Edelgard was noted as being the subject of a "fandom explosion", featuring fan art and cosplay, as well as being the most-deployed character in the game as ranked on its internal leaderboard. Patricia Hernandez of Polygon stated that "much of the fandom in Fire Emblem now revolves around shipping and romance, and it seems as if most people are falling for Edelgard." Over time, however, her ranking was noted to have been supplanted by the character Dorothea.

Daniel Friedman of Polygon stated that "the developers at Intelligent Systems have evidently been reading some George R.R. Martin along with their J.K. Rowling, as there's an unmistakable Daenerys Targaryen vibe to Edelgard," calling her "intense, driven, and willing to pay any price or inflict any cost on others to achieve her goal."

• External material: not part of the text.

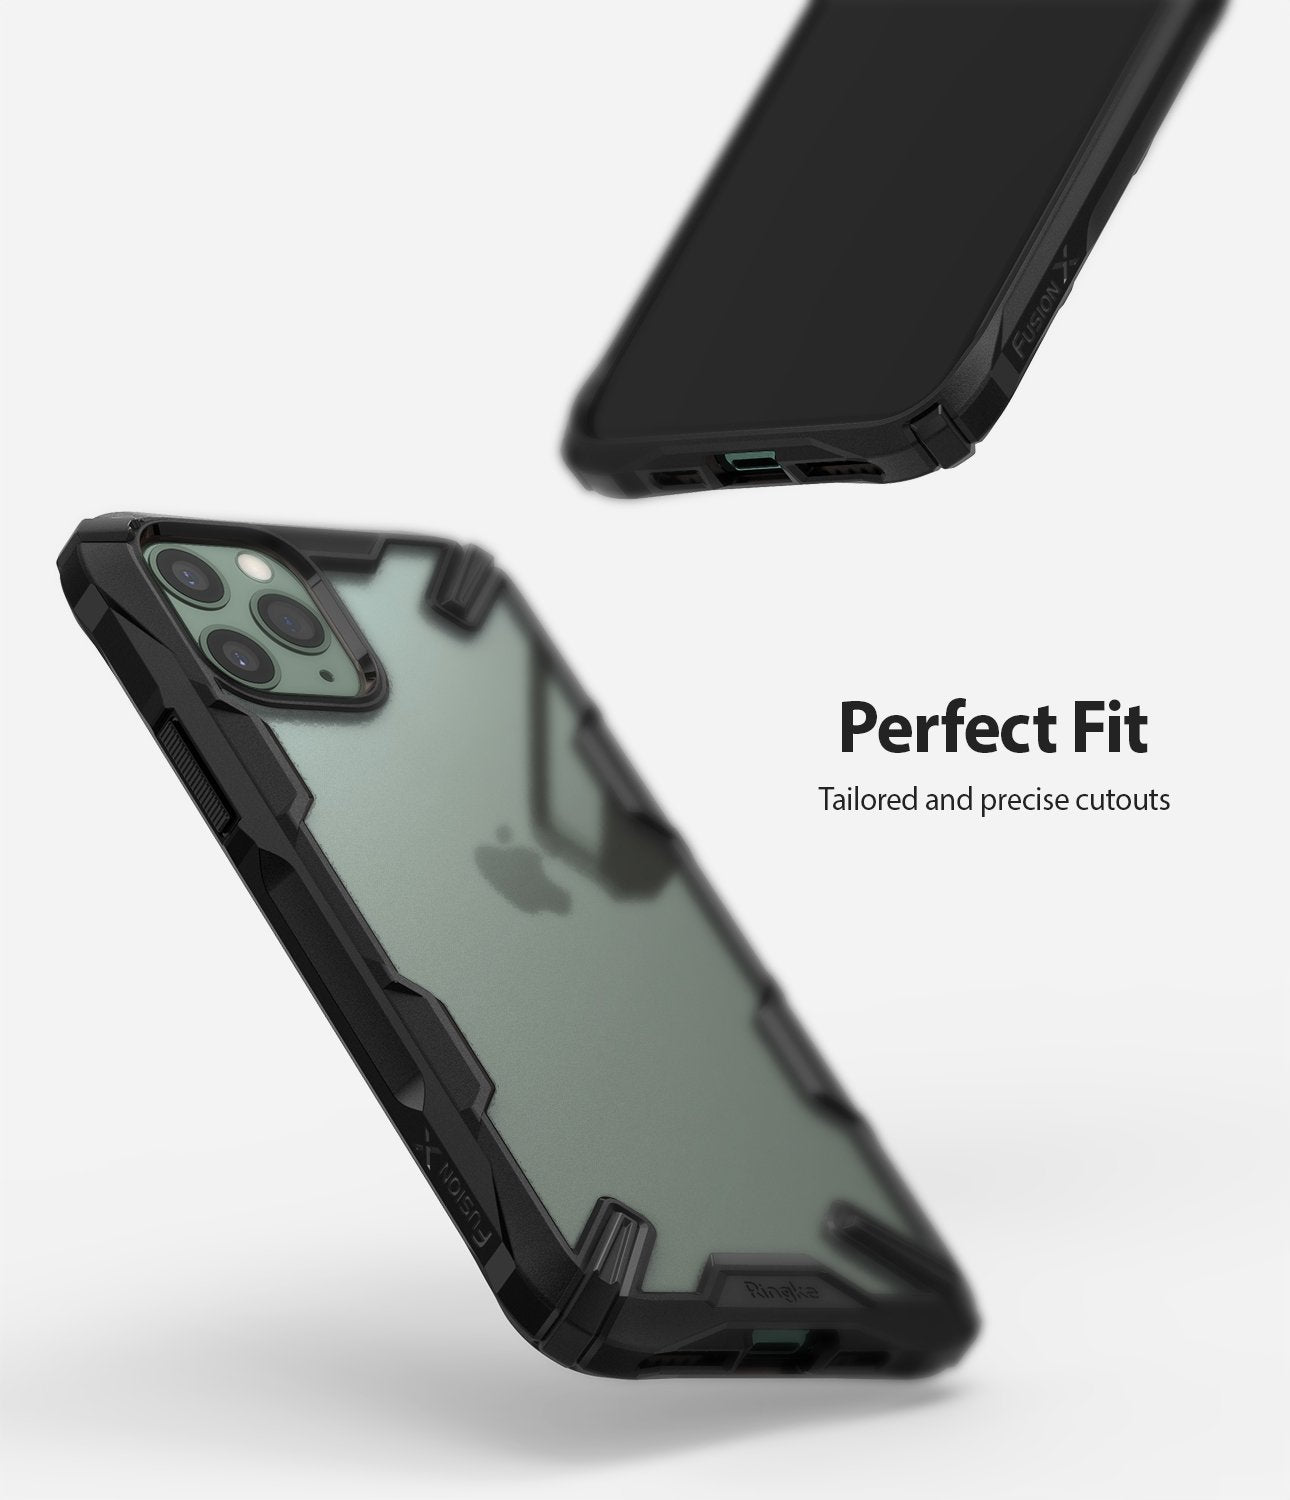 Ringke Fusion-X Matte Designed Case for iPhone 11 Pro Max perfect fit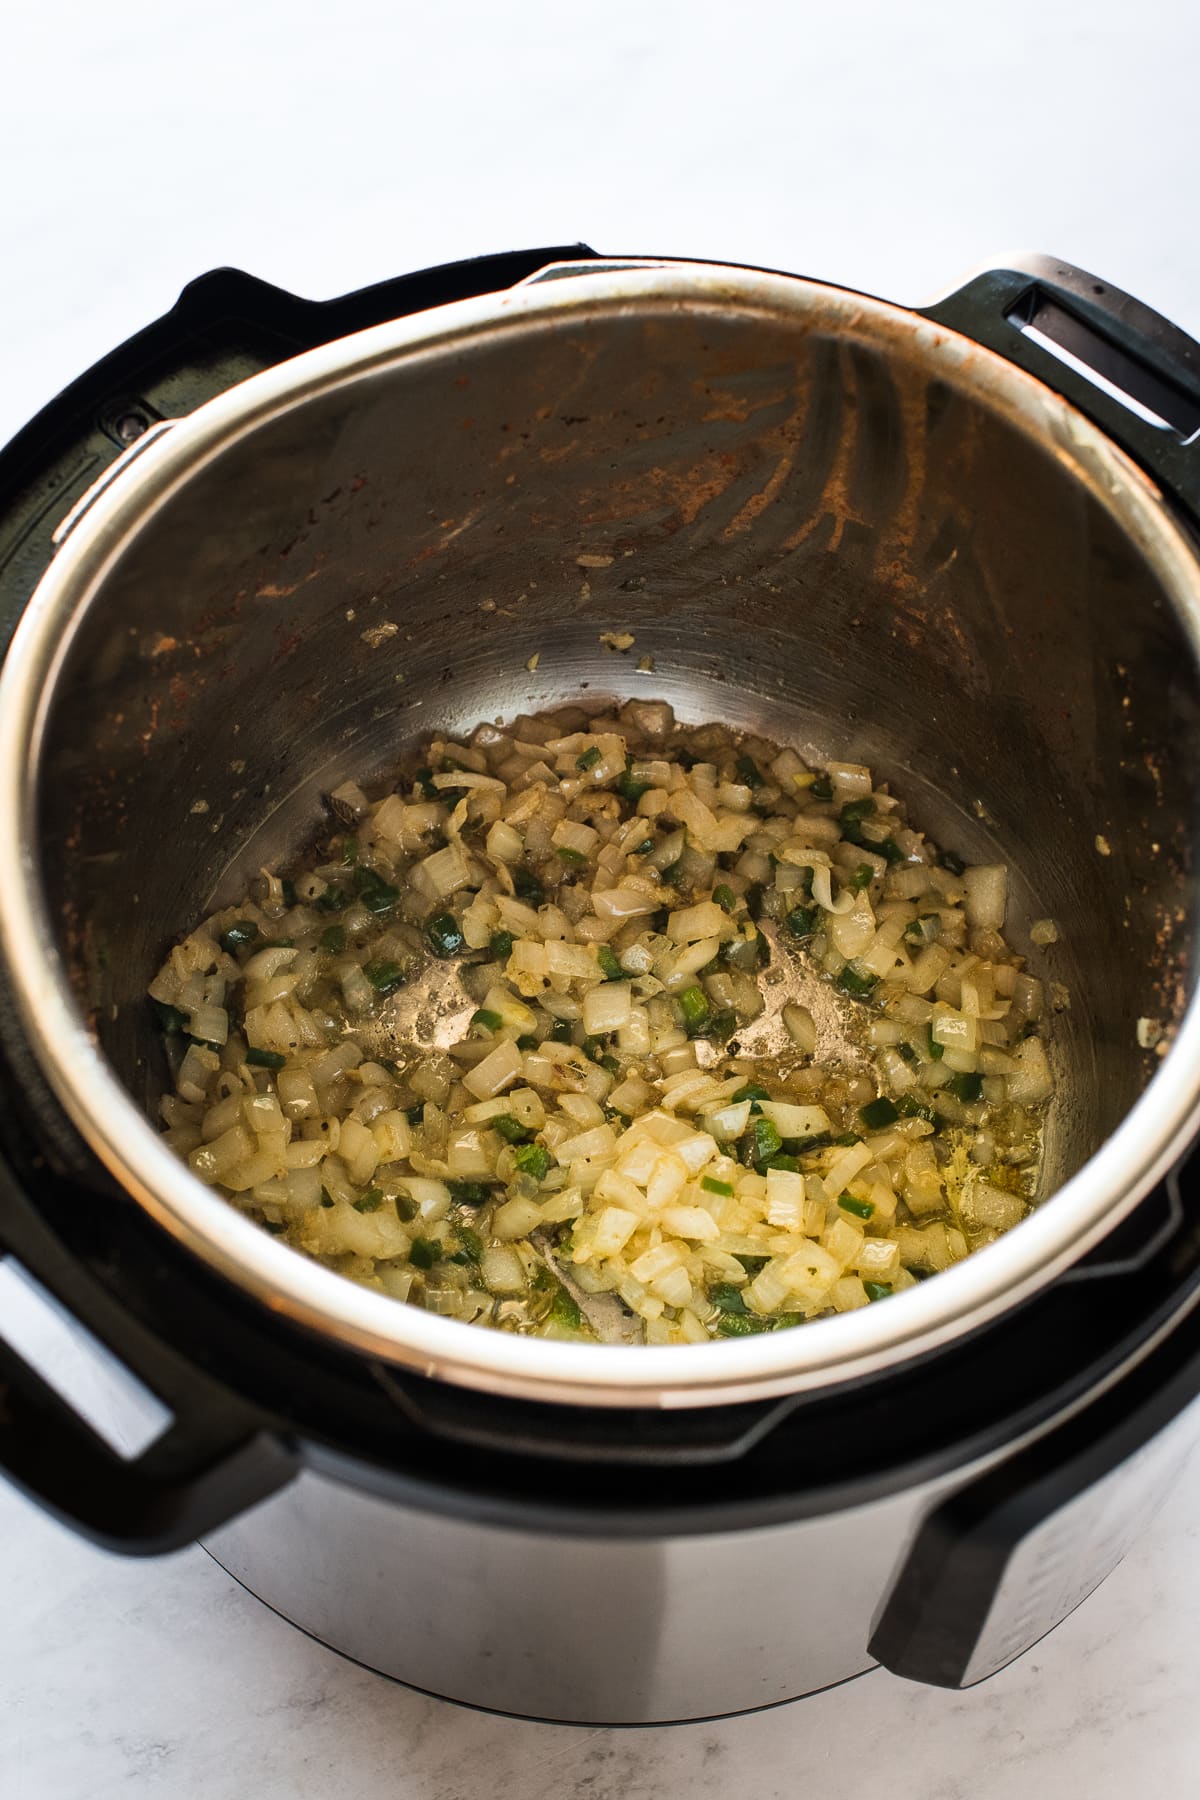 Sauteed onions, jalapenos, and garlic in an Instant Pot

XeeCee of Vice stated that "Edelgard is right about everything," and despite singling out her evil actions as the Flame Emperor, said that "when all was said and done [...] I was comfortable with my choices. For the first time in what feels like a long time, a video game had offered me the chance to play as a medieval revolutionary". Stating that "what makes this entry so different is its commitment to building out a world with believable politics", XeeCee stated that they "joined [Edelgard] immediately" when given the option to turn against the Church, calling her "the avatar of all the class resentments bubbling in Garreg Mach for the first half of the game" and saying that "considering the ills I'd seen throughout the game up to this point, her unmasking as the Flame Emperor wasn't a heel turn, but a call to arms." Lucas White of Siliconera agreed with this, claiming that "supporting Edelgard is the most morally sound choice", and stating that "Edelgard pursues a complete, violent upheaval of everything, literally destroying the Church and reforming the Empire into something new". Despite saying that "Edelgard is no innocent in Three Houses violent world. She schemes, assassinates, and betrays," he concludes that "her mission is the only one that holds Rhea and her secret society accountable for their actions."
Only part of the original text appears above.